(EXERCISE DATA):
Content starts
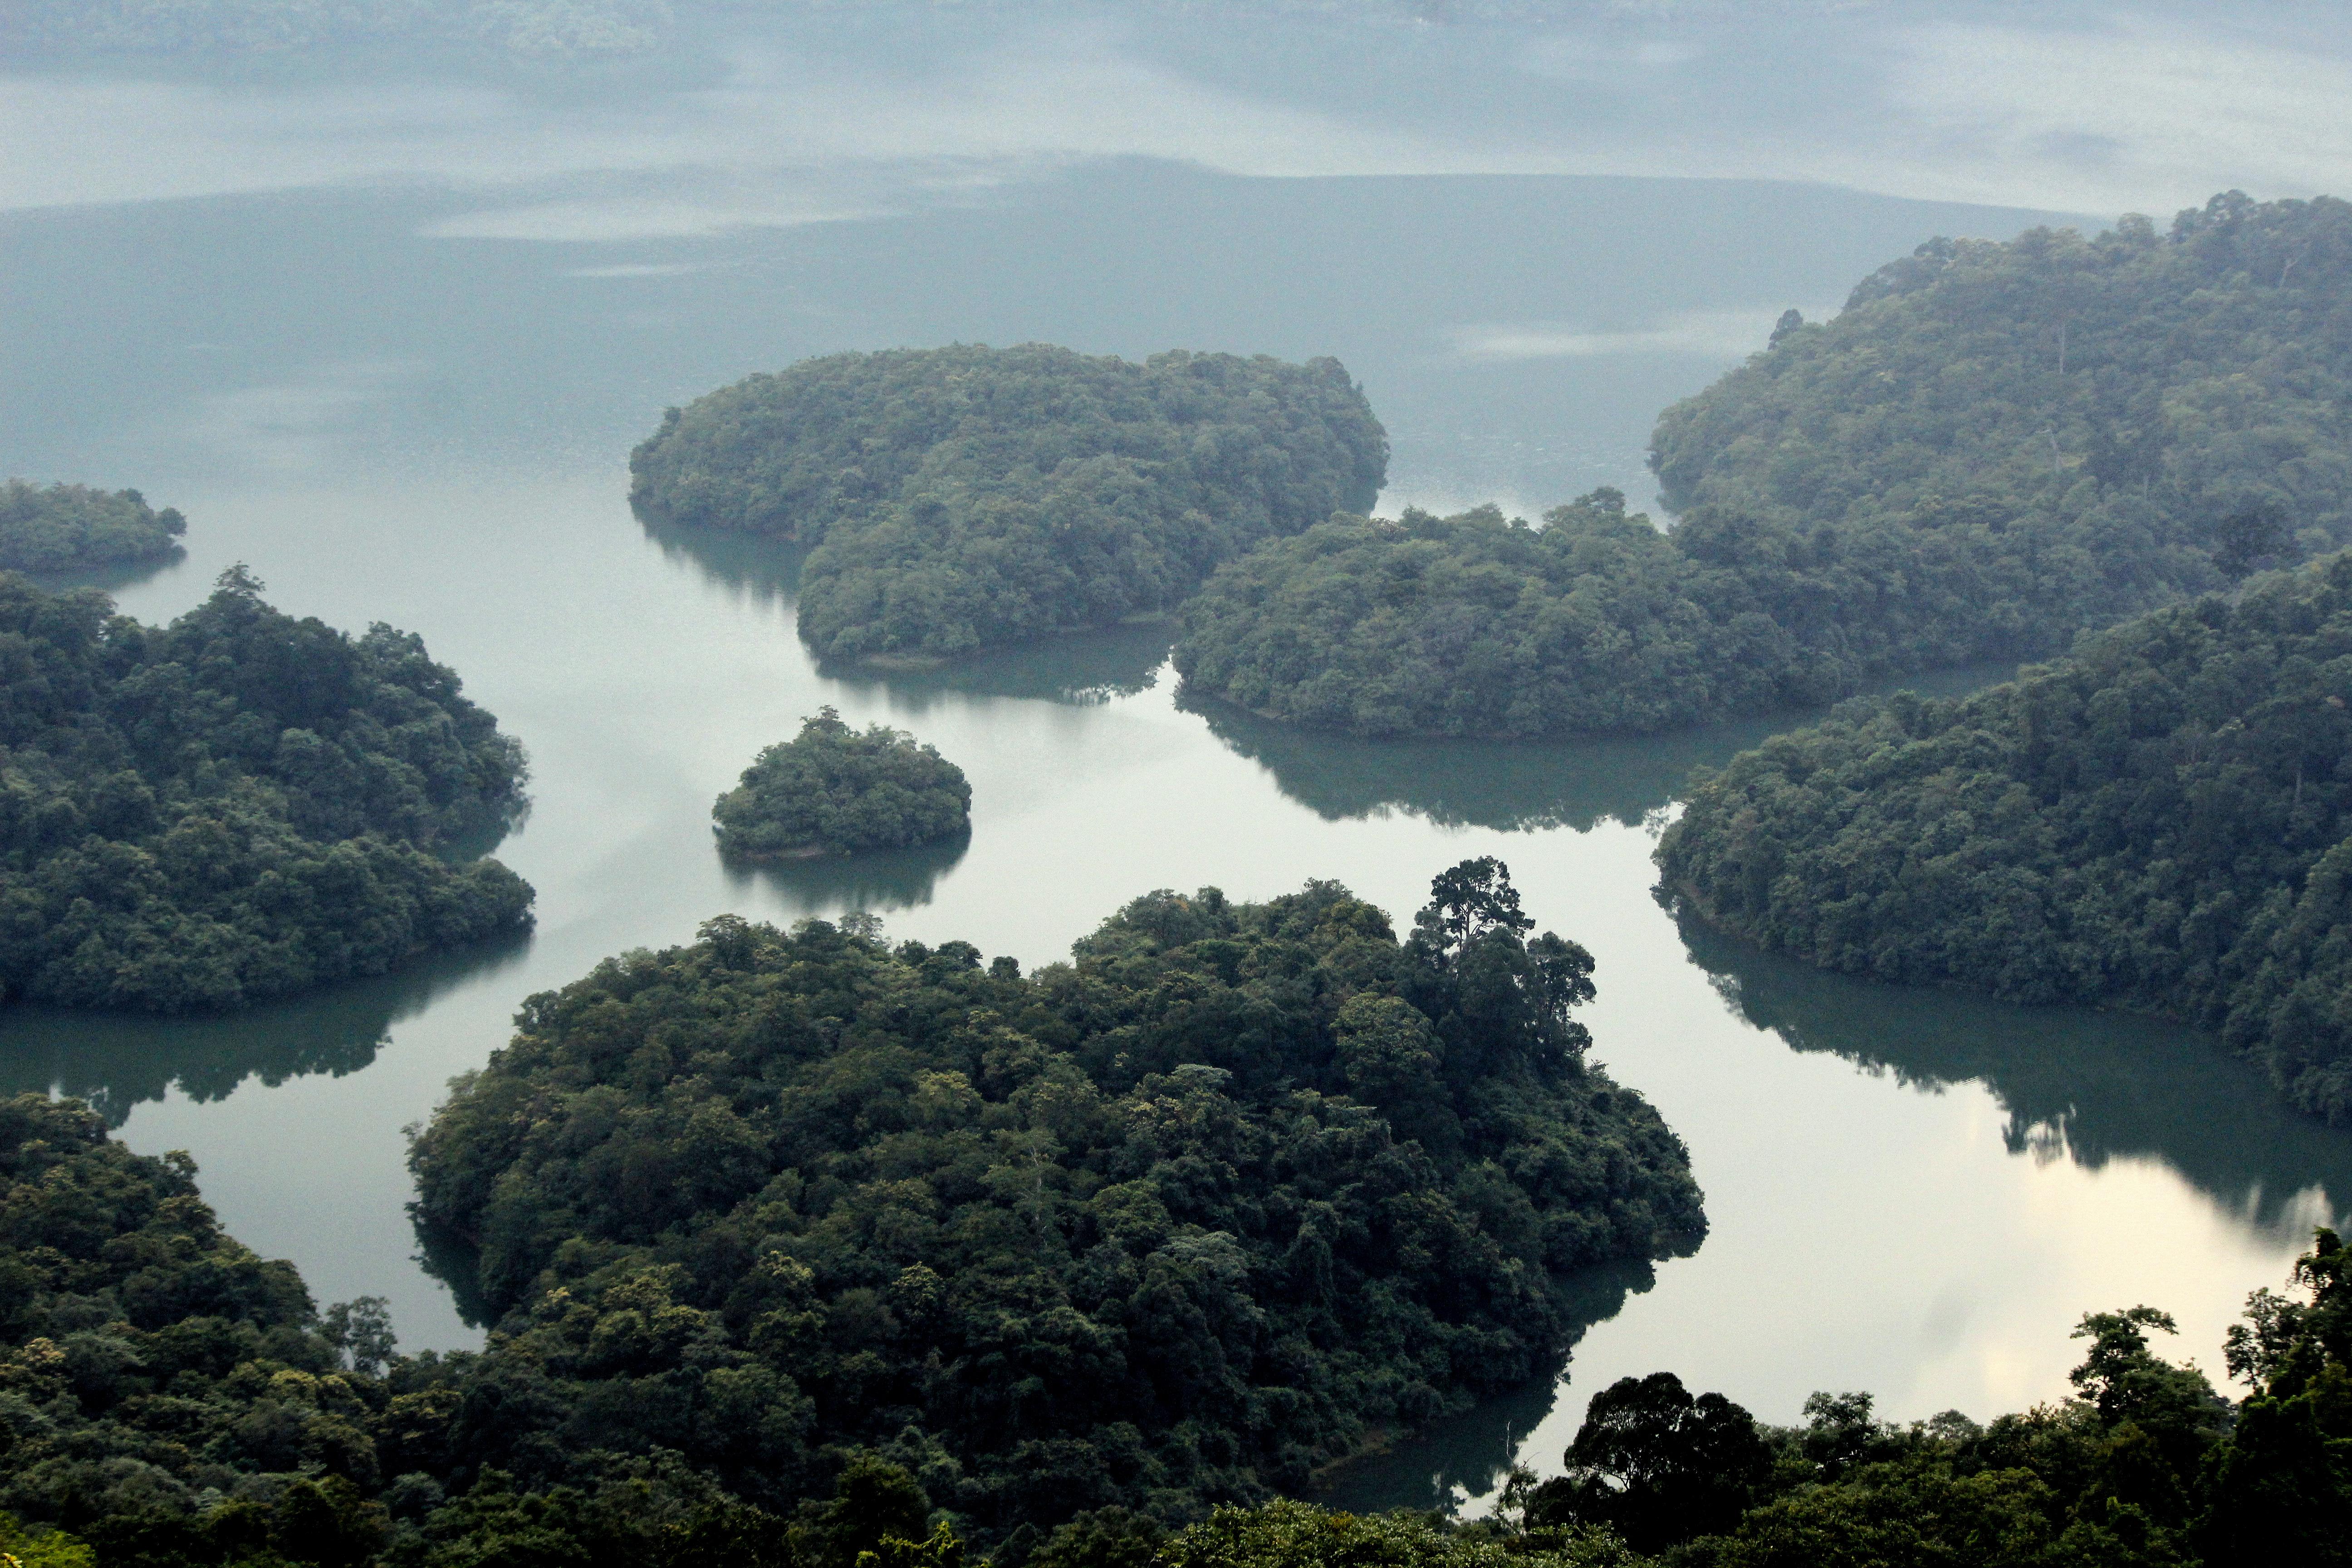 Thenmala_reservoir
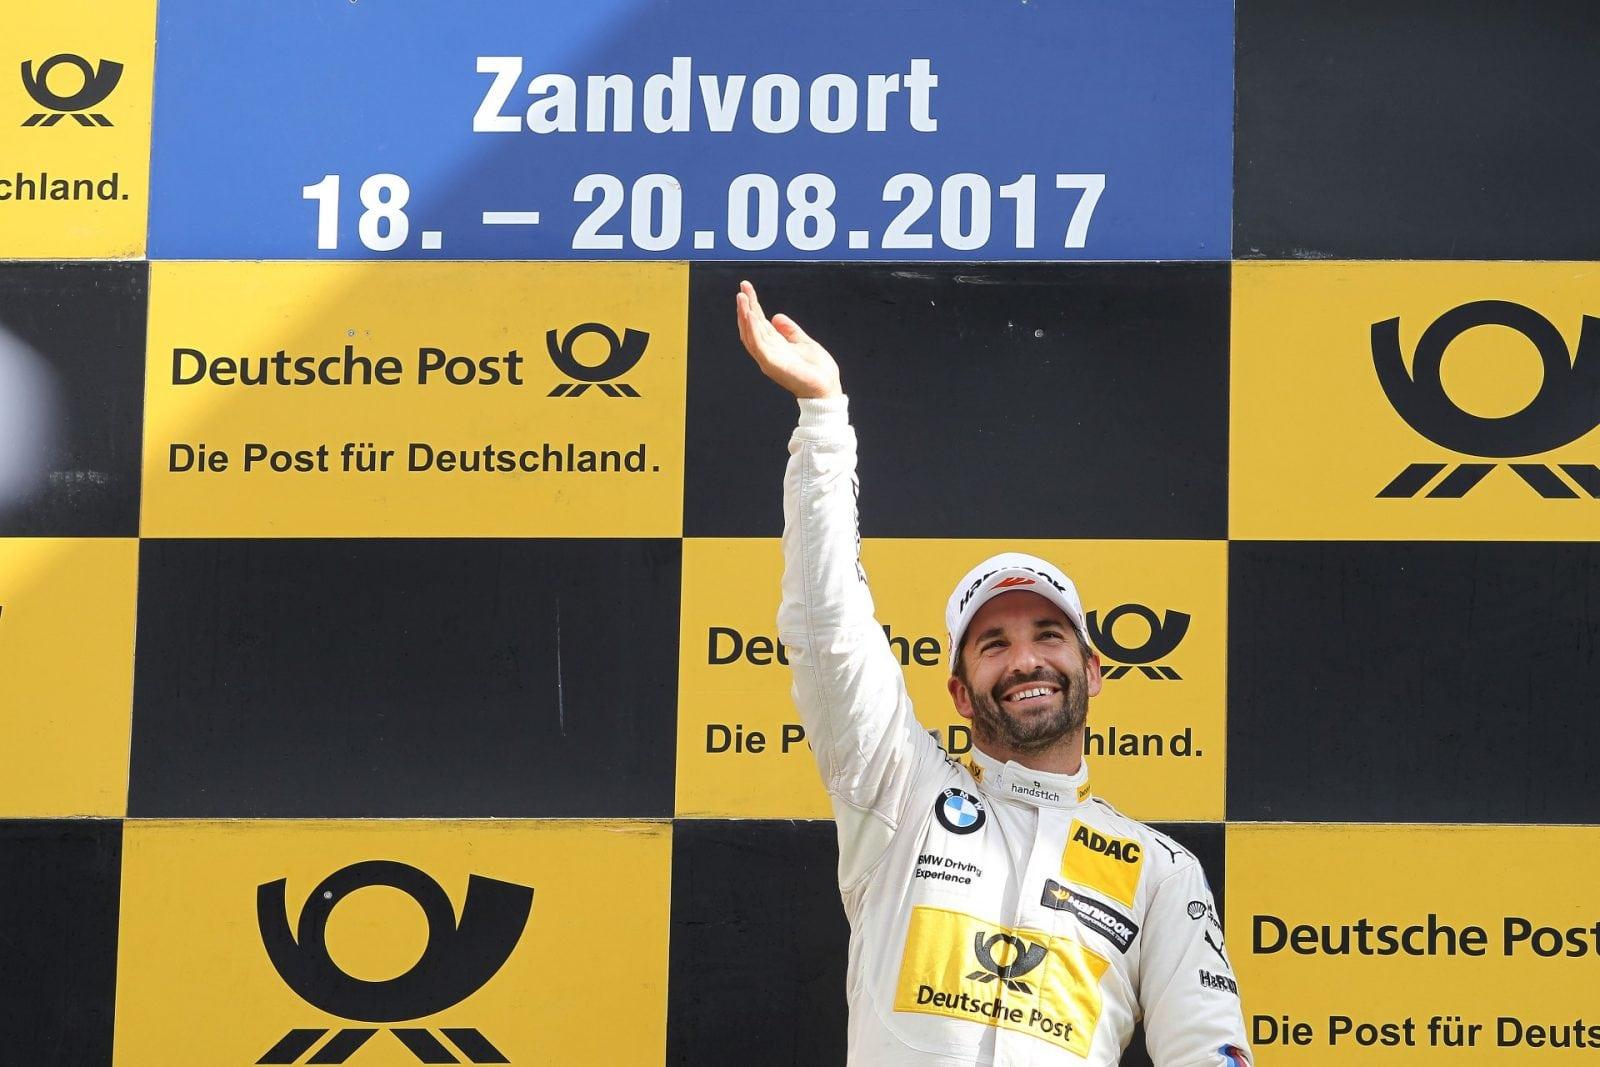 DTM 2017 Zandvoort 19.07.2017: Тимо Глок одержал первую победу в этом сезоне
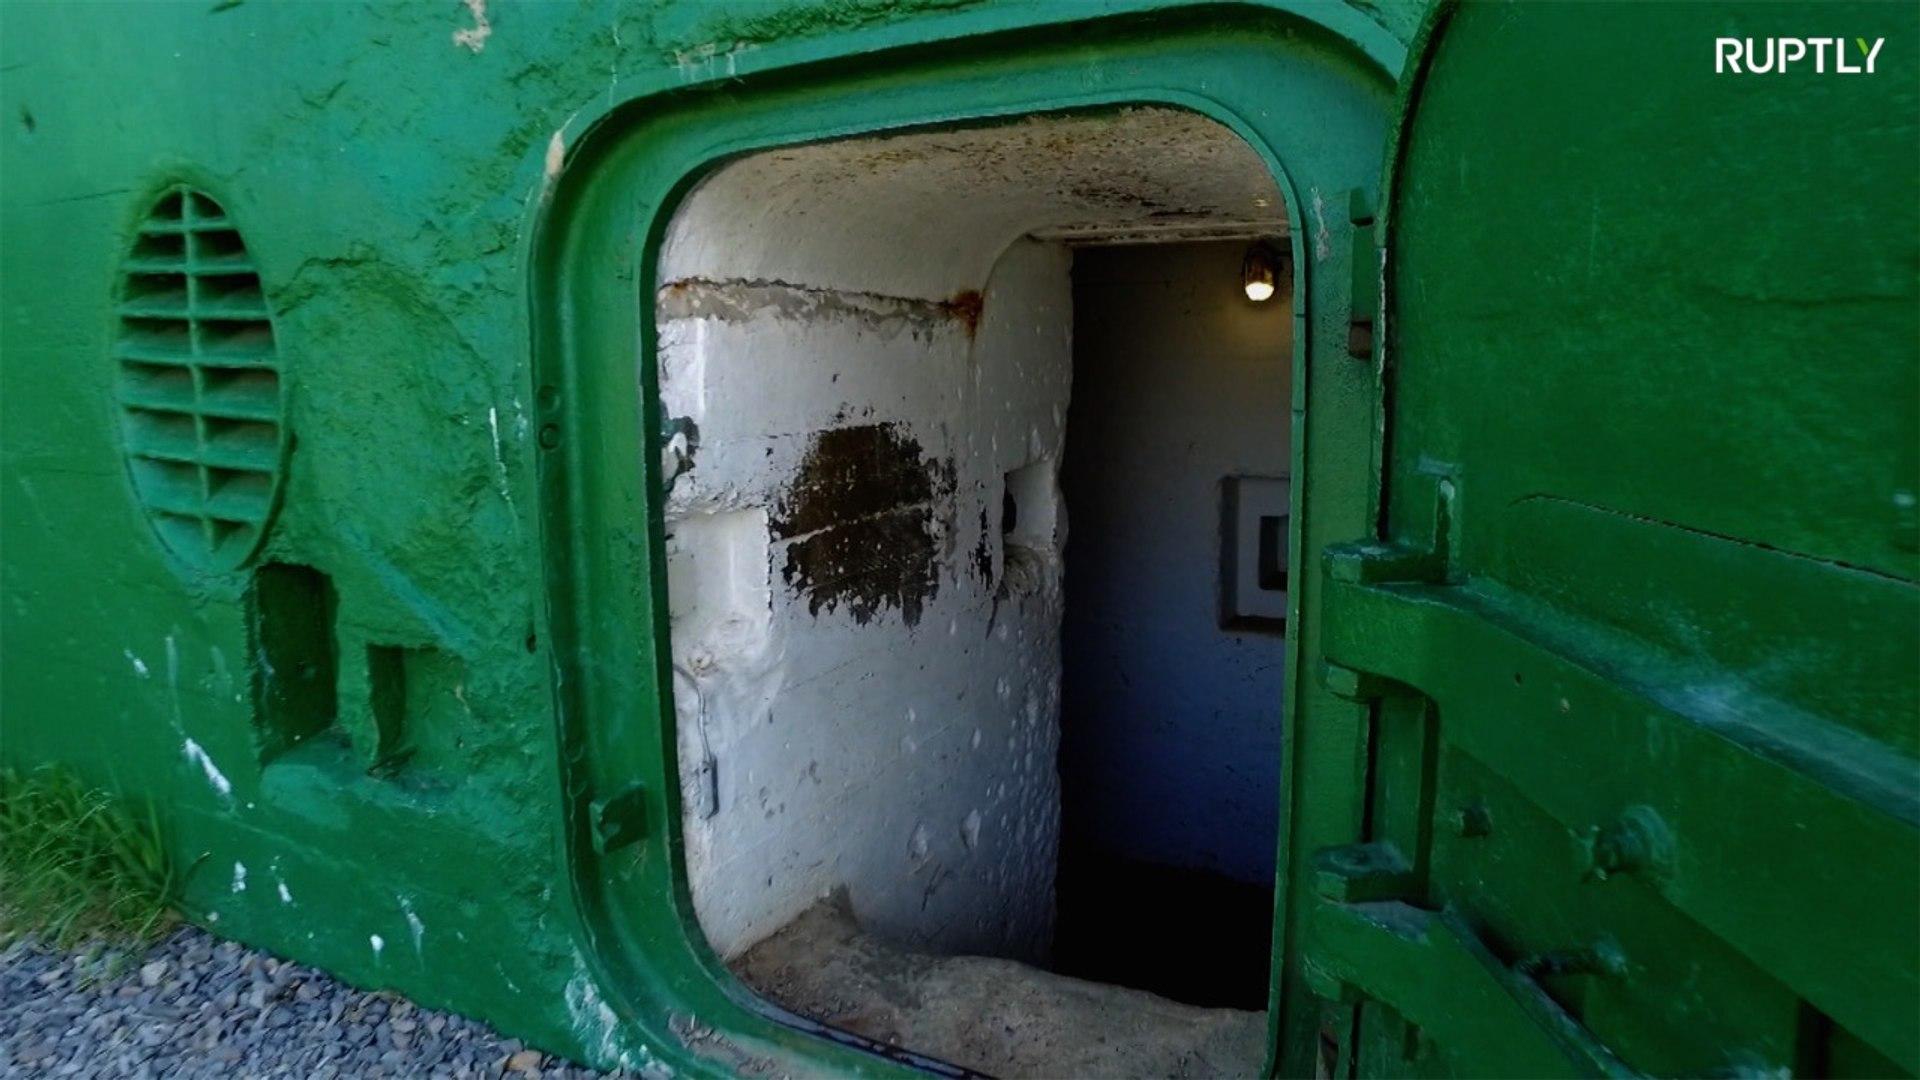 شاهد النفق الذي استخدمه النازيون أيام الحرب
Content ends
When repeating the listing, keep each line exact and exclude the pictures.

(SOLUTION TO THIS PROBLEM):
 Thenmala_reservoir
 DTM 2017 Zandvoort 19.07.2017: Тимо Глок одержал первую победу в этом сезоне
 شاهد النفق الذي استخدمه النازيون أيام الحرب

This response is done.